Is it? If you rename from /A/file to /B/file (both on the same filesystem), what happens if the OS
decides to write out the new directory metadata for /A immediately, but delay writing /B until an
hour from now? (for performance, don't-cha-know) And then the machine crashes. So now you're
left with no file at all.

While I admit not having looked, I'll bet three cookies that's perfectly allowed by POSIX.

ext4 and data loss

Posted Mar 13, 2009 15:06 UTC (Fri) by quotemstr (subscriber, #45331) [Link]

While I admit not having looked, I'll bet three cookies that's perfectly allowed by POSIX.
You know what else is also allowed by POSIX?
  • Rejecting filenames longer than 14 characters, or that begin with a hyphen
  • Refusing to create more than 8 hard links to a file
  • Not having job control
  • Copying a process's entire address space on fork
  • Making all IO synchronous
Come on. Adhering to POSIX is no excuse for a poor implementation! Even Windows adheres to POSIX, and you'd have to be loony to claim it's a good Unix.
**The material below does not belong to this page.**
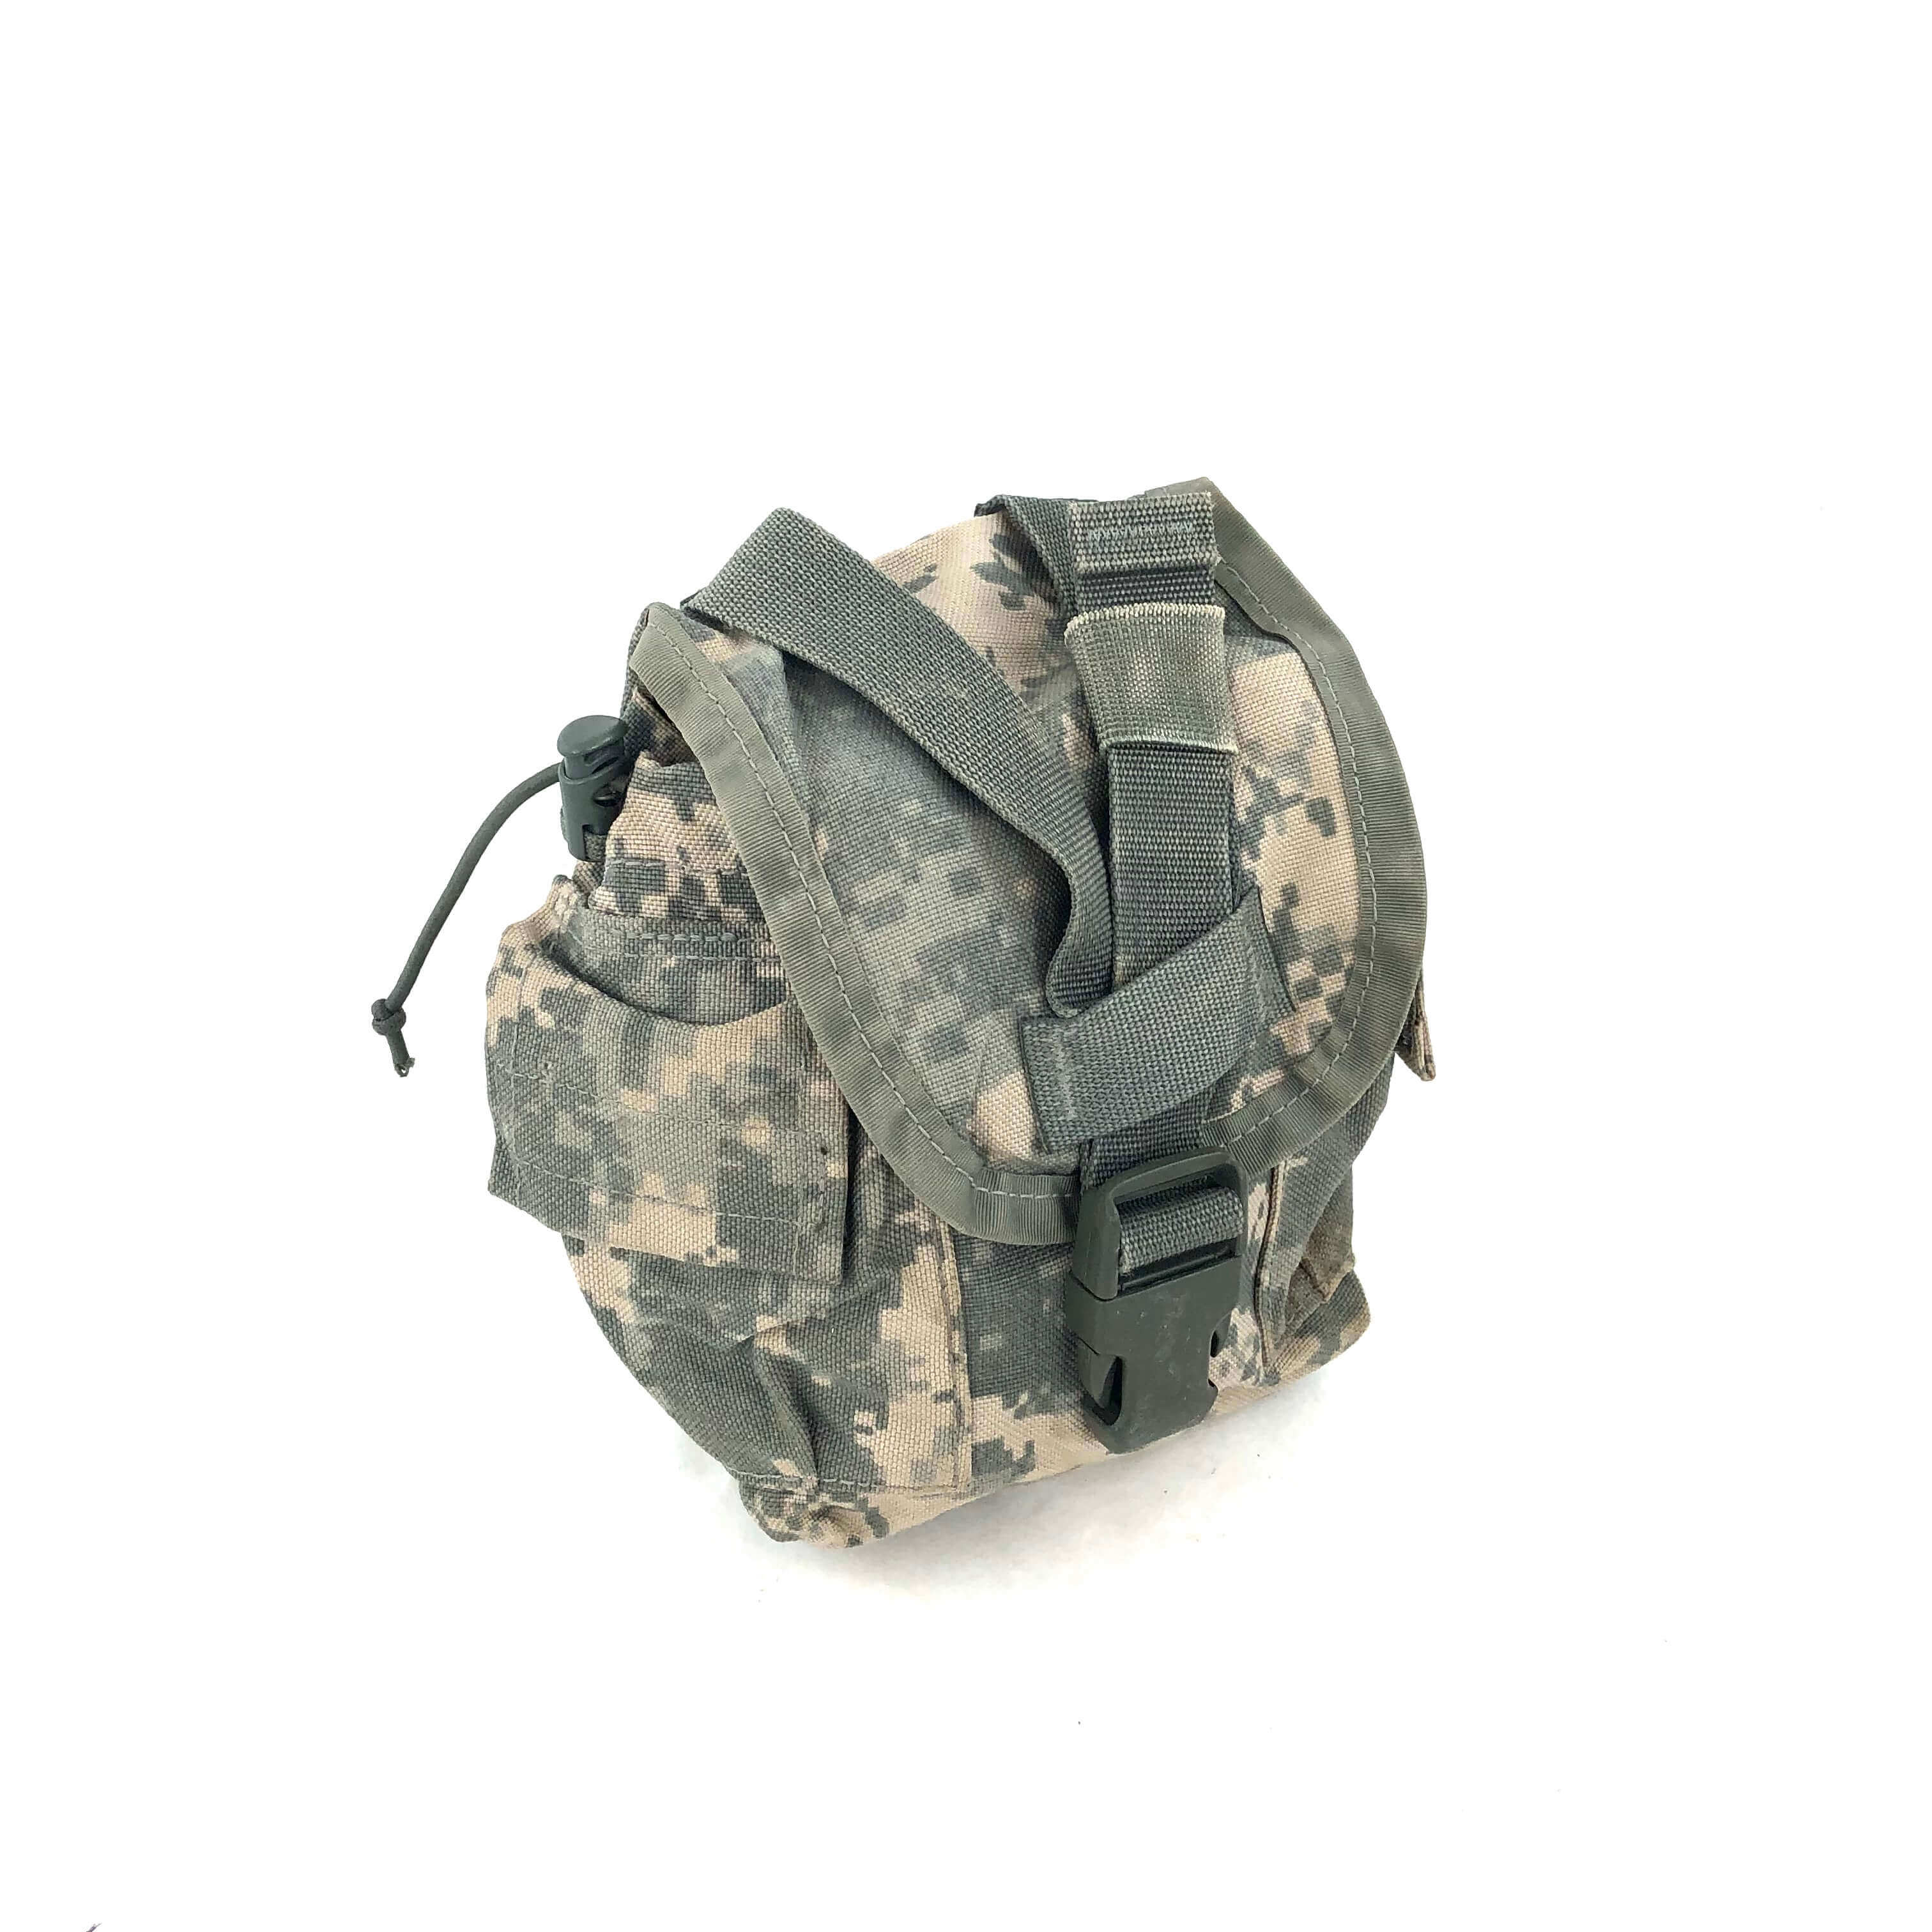 MOLLE II 1 QUART CANTEEN & GENERAL PURPOSE POUCH GOOD CONDITION DIGITAL ACU

Look: the bare minimum durability requirements that POSIX specifies are just not sufficient for a good and reliable system. rename must introduce a write barrier with respect to the data blocks for the file involved or we will lose. Not only will you not get every programmer and his dog to insert a gratuitous fsync in the write sequence, but doing so would actually be harmful to system performance.

ext4 and data loss

Posted Mar 13, 2009 18:05 UTC (Fri) by nix (subscriber, #2304) [Link]
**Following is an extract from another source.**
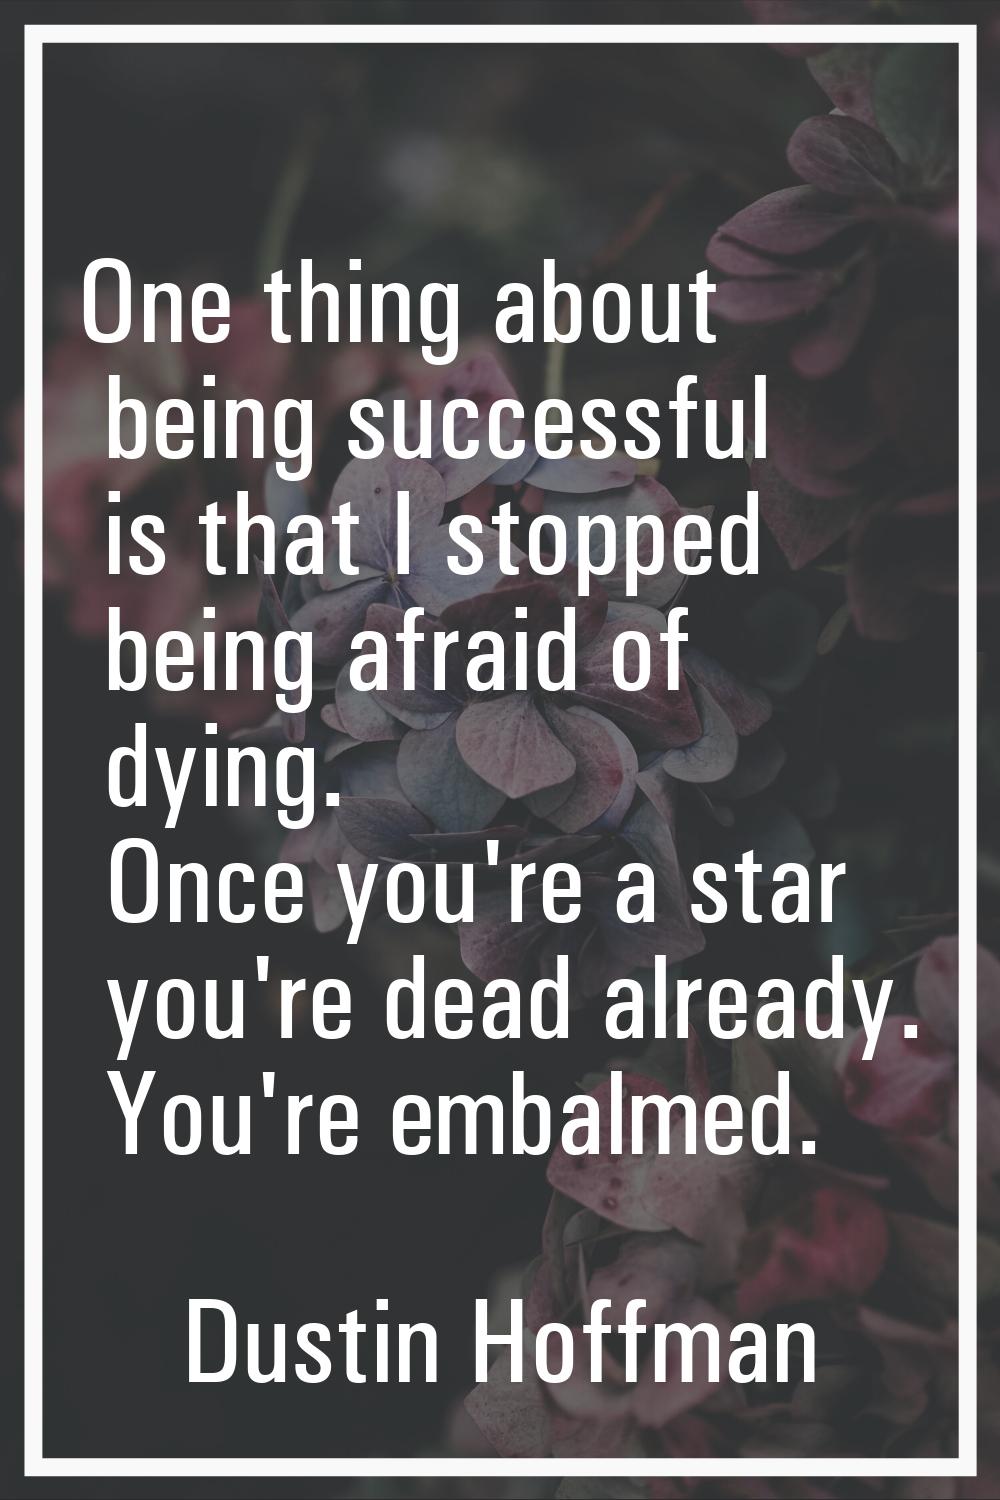 One thing about being successful is that I stopped being afraid of dying. Once you're a star you're

rename must introduce a write barrier with respect to the data blocks for the file involved or we will lose.
But this is exactly the behaviour that ext4 isn't currently implementing (although it will be, by default).

Perhaps we're in vociferous agreement, I don't know.

ext4 and data loss

Posted Mar 13, 2009 22:54 UTC (Fri) by bojan (subscriber, #14302) [Link]

> Not only will you not get every programmer and his dog to insert a gratuitous fsync in the write sequence, but doing so would actually be harmful to system performance.

fsync is not gratuitous. It is the D in ACID. As you mentioned yourself, rename requires only A form ACID - and that is exactly what you get.

But, Ted being a pragmatic man, reverted this to the old behaviour, simply because he knows there is a lot of broken software out there.

The fact that good applications that never lose data are already using the correct behaviour is case in point that this is how all applications should do it.

Performance implications of this approach are different than that of the old approach from ext3. In some cases ext4 will be faster. In others, it won't. But the main performance problem is bad applications that gratuitously write hundreds of small files to the file system. This is what is causing the real performance problem and should be fixed.

XFS received a lot of criticism, for what seem to be application problems. I wonder how many people lost files they were editing in emacs on that file system. I would venture a guess, not many.

ext4 and data loss

Posted Mar 13, 2009 23:10 UTC (Fri) by quotemstr (subscriber, #45331) [Link]

It is the D in ACID. As you mentioned yourself, rename requires only A form ACID - and that is exactly what you get.
That's my whole point: sometimes you want atomicity without durability. rename without fsync is how you express that. Except on certain recent filesystems, it's always worked that way. ext4 not putting a write barrier before rename is a regression.
But the main performance problem is bad applications that gratuitously write hundreds of small files to the file system.
And why, pray tell, is writing files to a filesystem a bad thing? Writing plenty of small files is a perfectly legitimate use of the filesystem. If a filesystem buckles in that scenario, it's the fault of the filesystem, not the application. Blaming the application is blaming the victim.

ext4 and data loss

Posted Mar 13, 2009 23:46 UTC (Fri) by bojan (subscriber, #14302) [Link]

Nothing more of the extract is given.